If You've Never Read Anything By Amy Tan, Here's The Book You Should Start With

Born and raised in the San Francisco Bay Area by her parents, who were immigrants from China, novelist Amy Tan had a tumultuous childhood. After losing her brother and father to brain tumors at a young age, according to her website, Tan's mother took her and her younger brother to Europe, where they settled in Montreux, Switzerland. Having graduated from high school, Tan moved back to the United States to study at five different colleges, where she studied English and linguistics.

Despite being known as a world-renowned author, Tan started out as a language development specialist, supporting developmentally disabled children (per her website). She then worked as a freelance business writer before changing paths and settling on life as a novelist. After publishing a few short stories, Tan took a trip to China for the first time to meet distant relatives. It was this journey that would spark inspiration for her first novel "The Joy Luck Club," which quickly became a New York Times bestseller (via Biography).

Her debut novel is a great introduction into her writing style

After learning that her mother had children from a previous relationship and meeting some of her half-sisters (per the American Academy of Achievement), Tan started building what would later become "The Joy Luck Club." The book first came to life during a writing workshop Amy Tan attended in 1985 (via Biography), where she wrote the short story "Rules of the Game". According to her website, she continued to write these short stories, which were published in magazines like "Seventeen" and "Grazia".
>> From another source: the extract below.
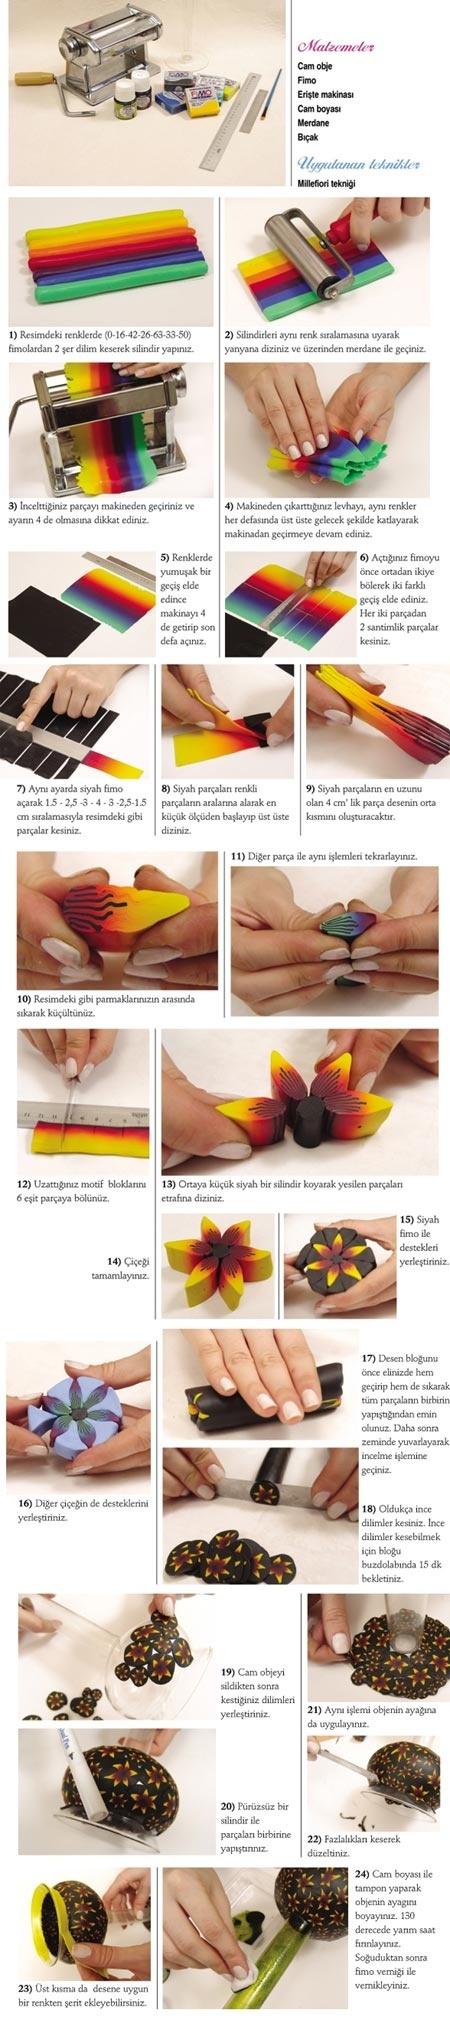 Polymer clay photo tutorials

In 1987, Tan took her first trip to China with her mother and younger brother to meet some of their half-siblings. Once back in the United States, Tan compiled her short stories to make "The Joy Luck Club," published in 1989 (per Biography). Based on Tan's relationship with her mother, "The Joy Luck Club" follows four Chinese mothers and their Chinese-American daughters in San Francisco as they deal with the generational and cultural gap between them. The mothers regularly meet to play Mahjong, discussing their families and personal struggles. They eventually settle on a name for their group — The Joy Luck Club.

Tan's debut novel quickly became a bestseller, which was nominated for the Los Angeles Times Book Prize and won the American Library Association's Best Book for young adults in its first year of publication, according to Library Thing.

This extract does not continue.